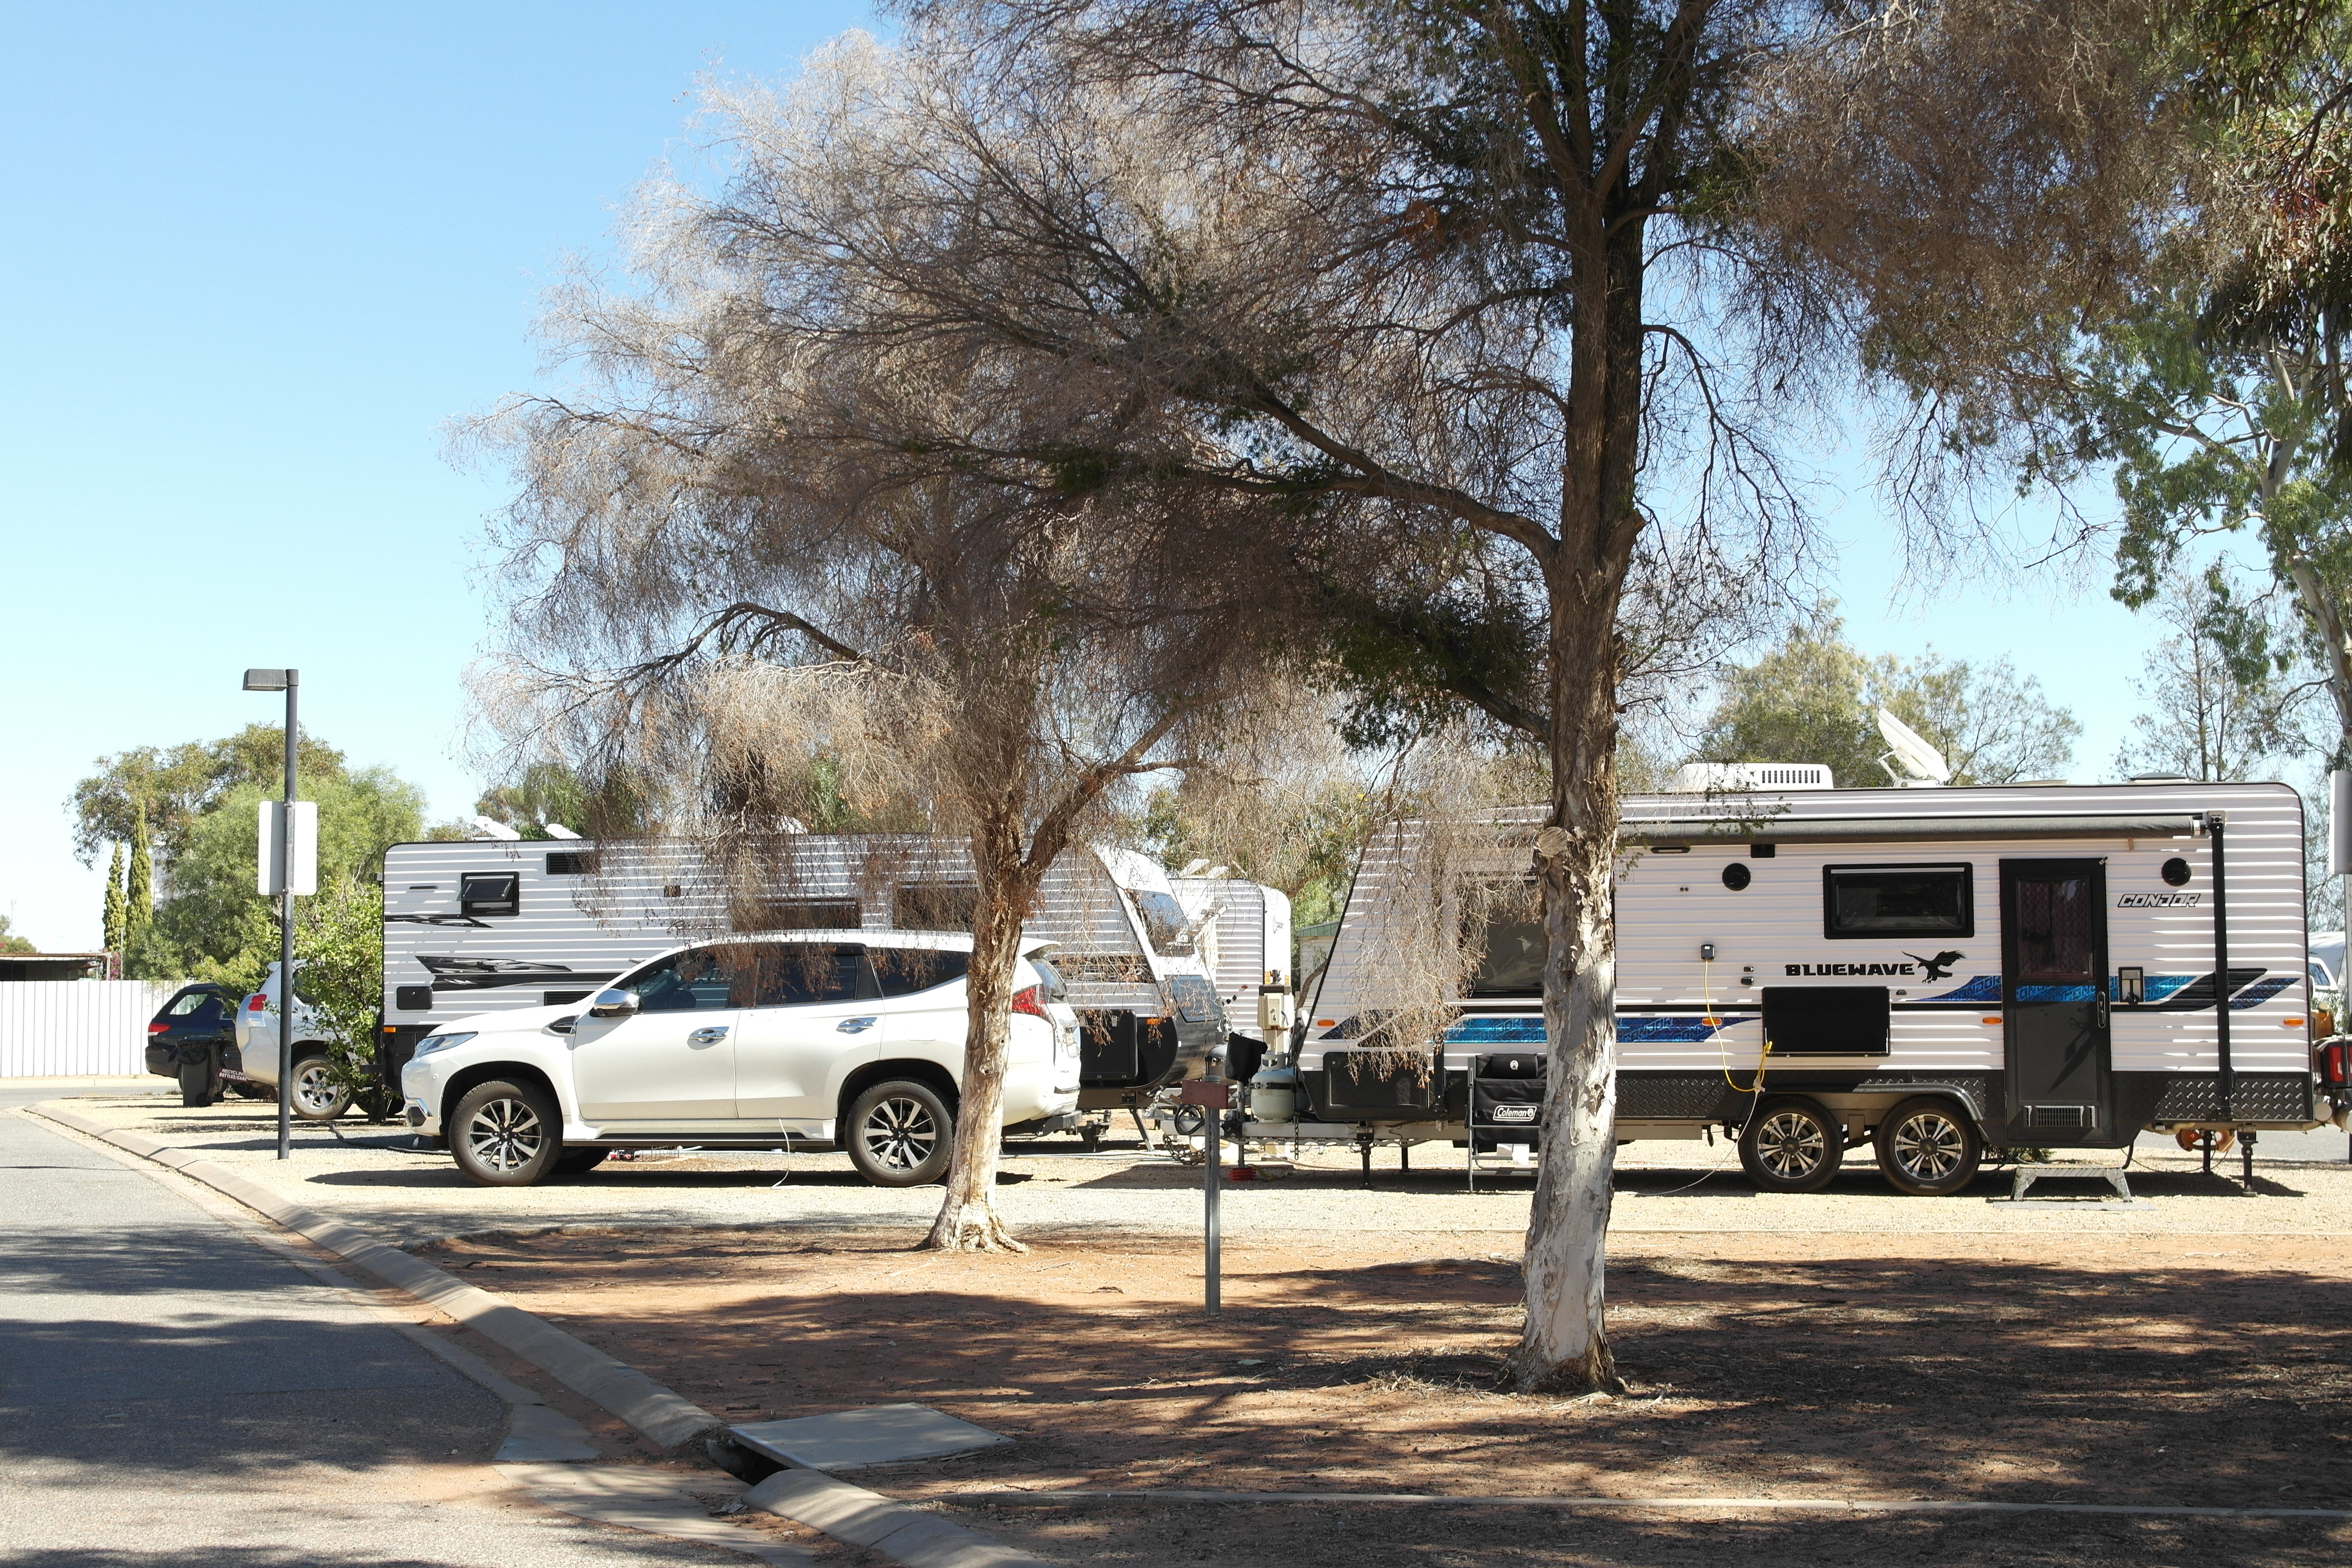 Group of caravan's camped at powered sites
* * *
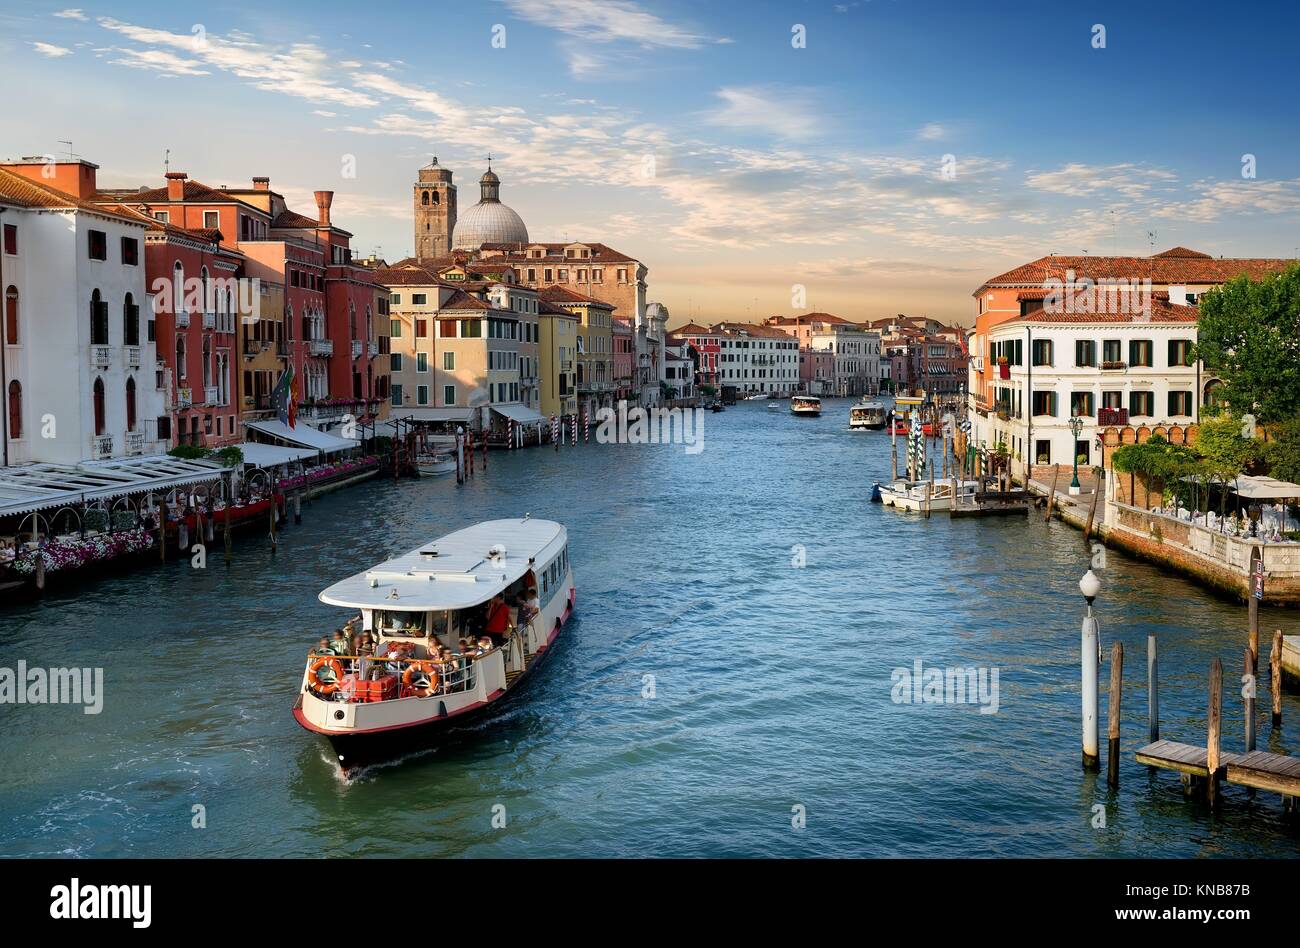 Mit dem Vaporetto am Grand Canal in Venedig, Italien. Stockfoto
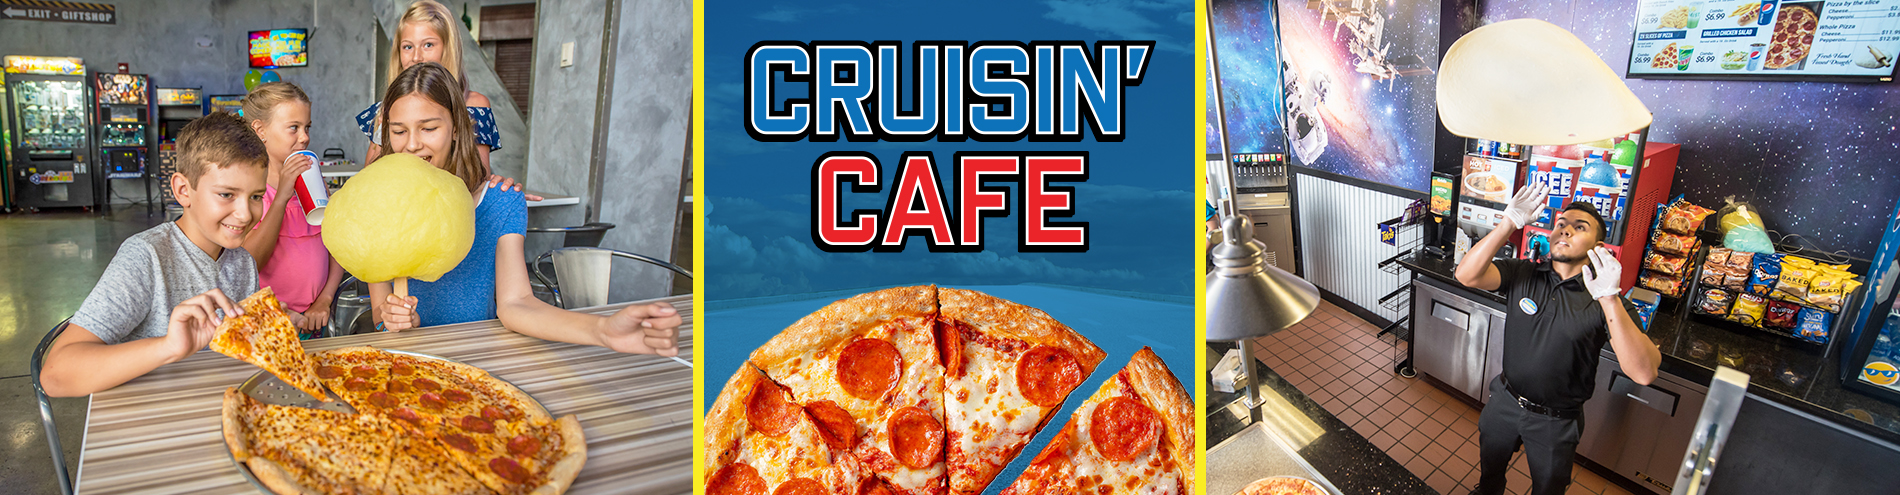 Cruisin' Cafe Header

How to complete this task:
Set the pictures aside and transcribe exactly the stretch of lines above, beginning with the one holding "Mit dem Vaporetto" and ending with the one holding "Cruisin' Cafe Header".

Solved problem:
 Mit dem Vaporetto am Grand Canal in Venedig, Italien. Stockfoto
 Cruisin' Cafe Header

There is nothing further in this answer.